Damn you, the internet, I thought. You owe me a new career – and it is going to need to be one I can build around having a baby.
And so I started blogging and vlogging – I called myself Barefoot, because my stilettos came with a side order of soul-baring. And you know what? Although it took me a while to find my stride, I got a real buzz out of connecting with like-minded ladies in real time.
Fast-forward to those first few months after giving birth and in the 937 hours I spent with my bum welded to the couch, my darling Coco attached to my milky boobs and the iPhone in my hand my only connection to the outside world, the community of women I met on the internet became a literal lifeline.

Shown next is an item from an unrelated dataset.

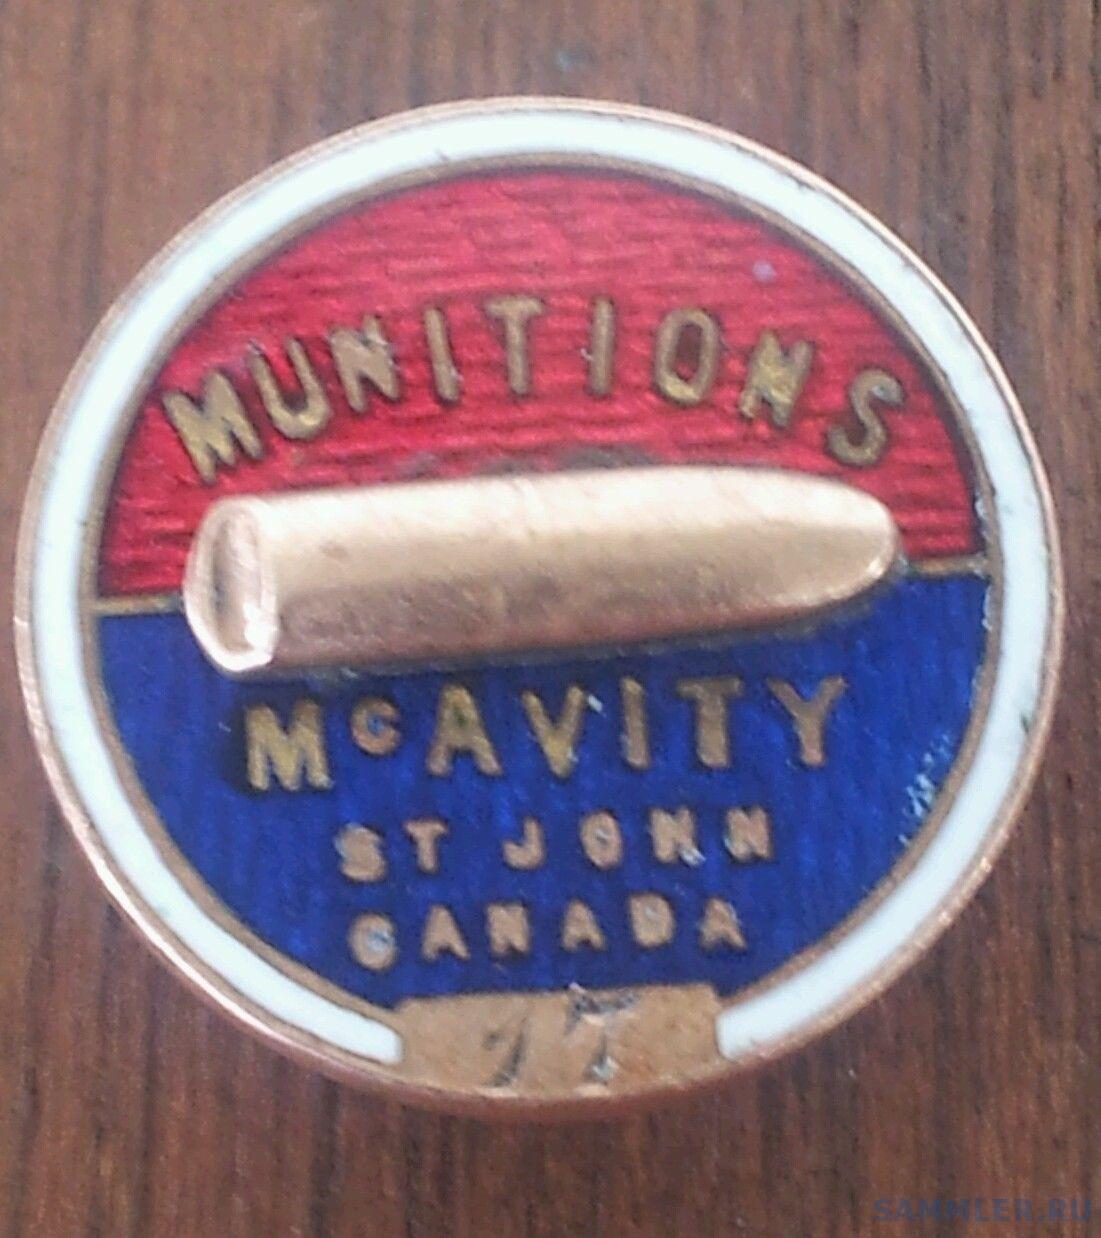 McAvity Munitions St Johns Canada.jpg

And while blogging and vlogging were my first online loves, it was Instagram that stopped me from slipping too far into the postnatal fug. It felt like a little life-affirming arm squeeze every time I logged on and saw a comment from another mother going through the same things I was. I had found my people.
So, slowly, it was out with the Louboutins and in with the little human. Barefoot morphed into Mamabare because I’m a mama who is willing to grin and bare it, warts and all. And take it from me, this journey has got even crazier since my second little bundle of burps, Bear, came along five weeks ago. Whether it’s a breast pad fashioned from rogue Happy Meal wrappers or a sneaky gin in a tin by the swings, you’ll always get the unvarnished truth from me – although it may come lightly dappled with Wotsit dust.

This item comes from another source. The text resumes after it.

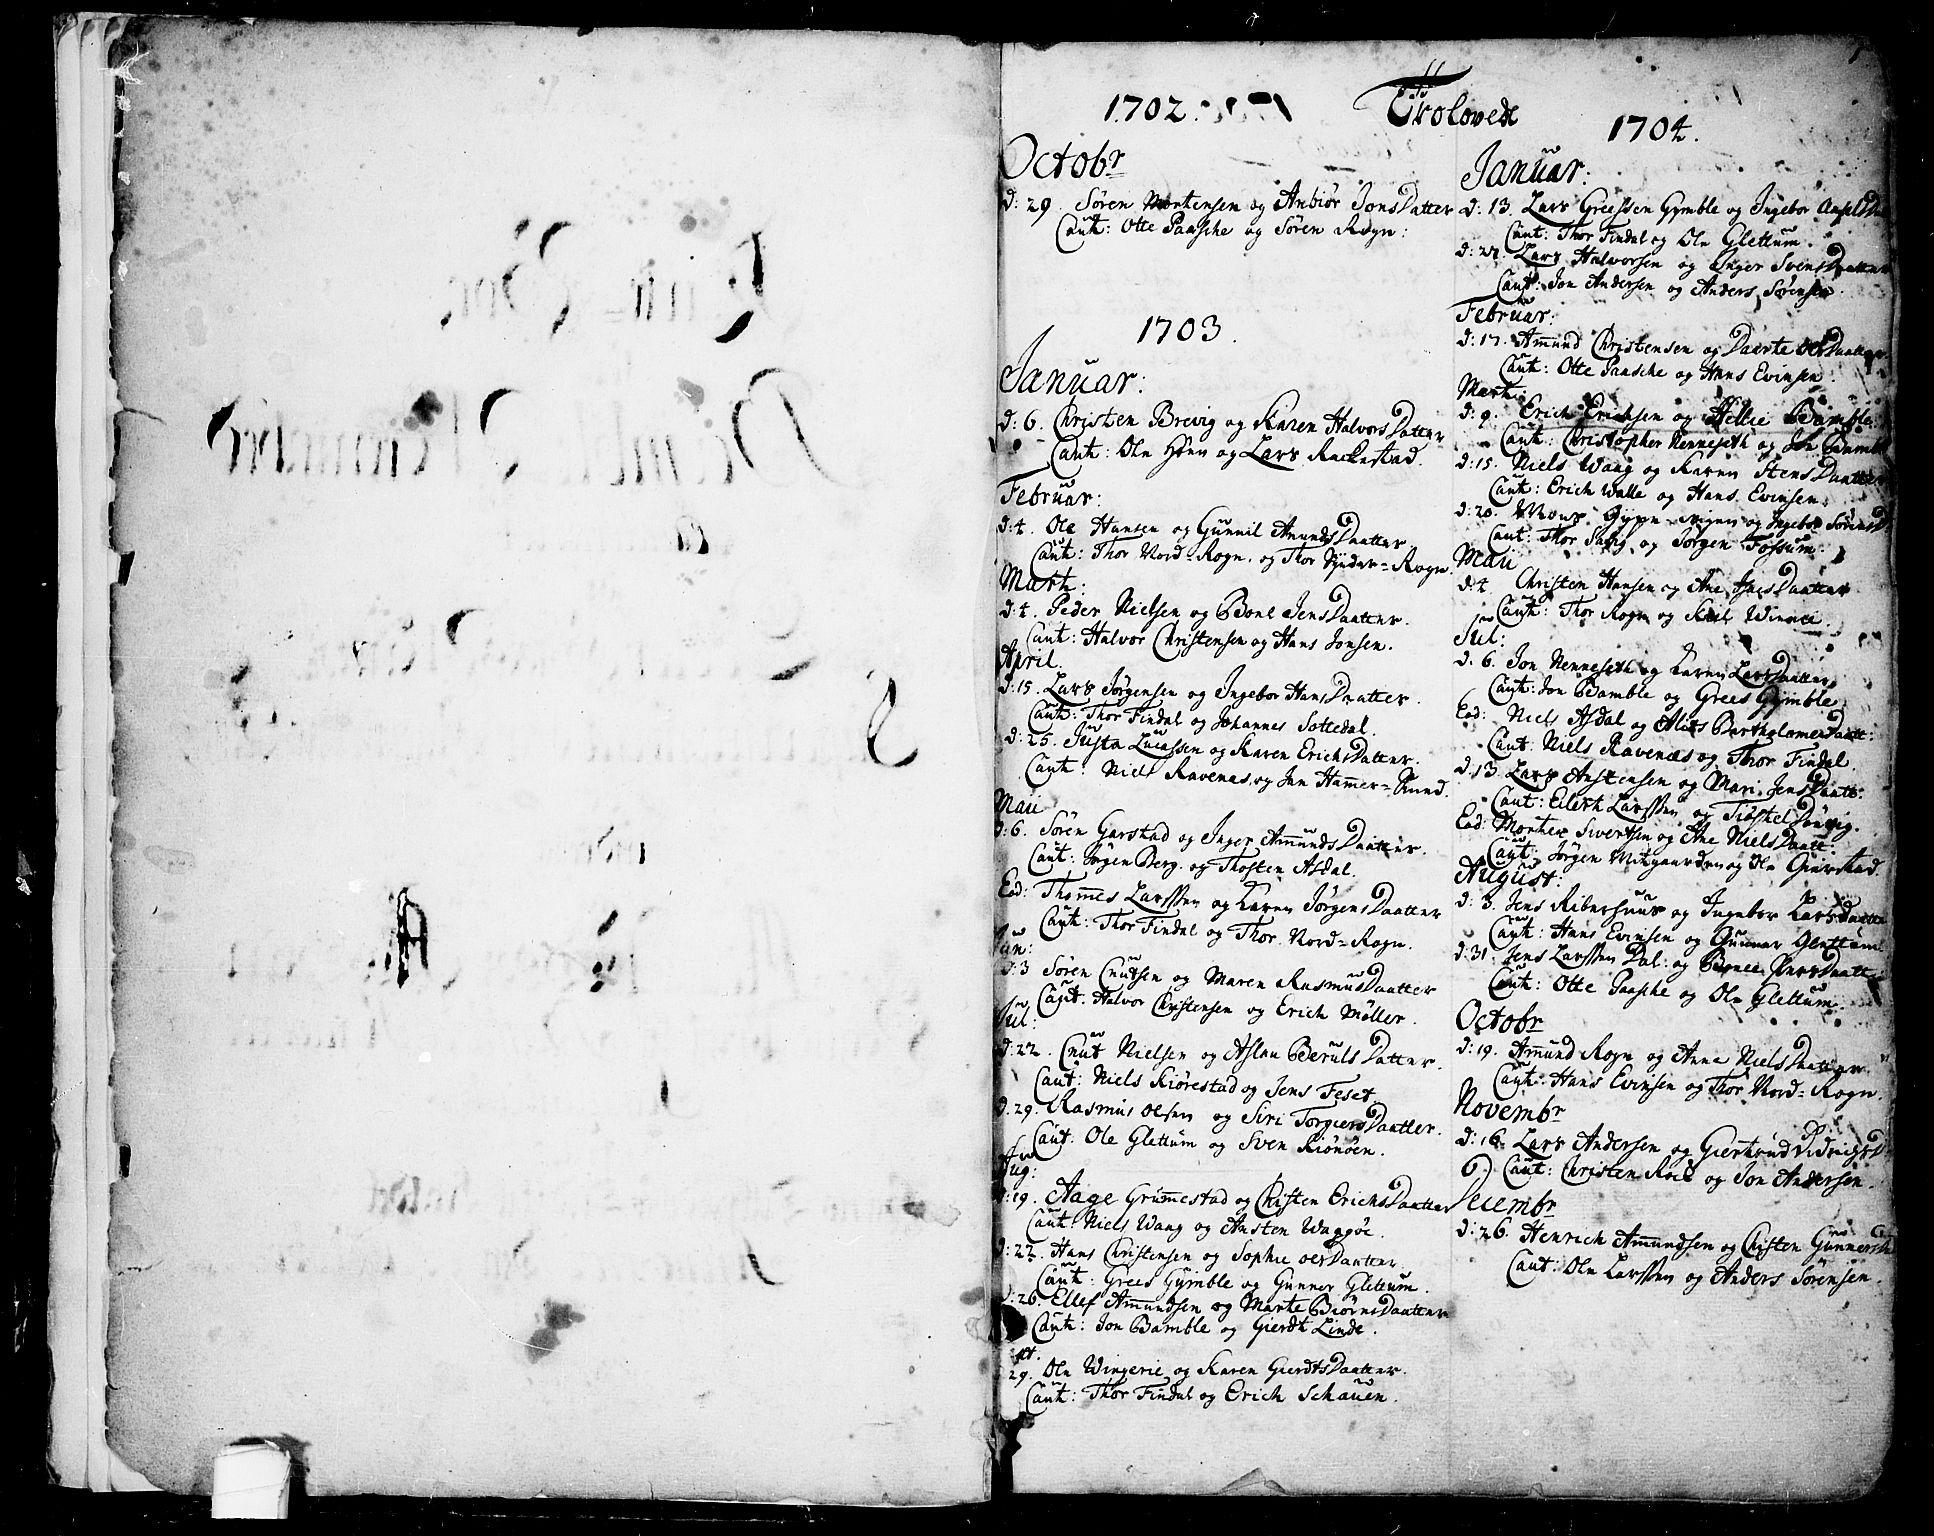 SAKO, Bamble kirkebøker, F/Fa/L0001: Ministerialbok nr. I 1, 1702-1774, s. 0-1

The haters like to say that Instagram is all about the perfect life, polished, filtered and posted in these little squares – but who has time for all that nonsense when they’ve got a ketchup-covered curtain-climber in tow? And when things get hard, both online and off, when wires get crossed, when food gets tossed, when I just feel a little lost, I remember that it’s my family I’m doing all of this for. And, of course, the incredible crew of other social media mamas who’ve always got my back, no matter how many days in a row I’ve been wearing the same nursing bra.
You are the reason I started #greydays, a campaign sharing our real stories and organising meetups IRL for us to talk about our battles with the blue-hued moments of motherhood. Not to mention that a portion of the profits from all #greydays merchandise we sell goes towards helping open up the conversation around maternal mental health.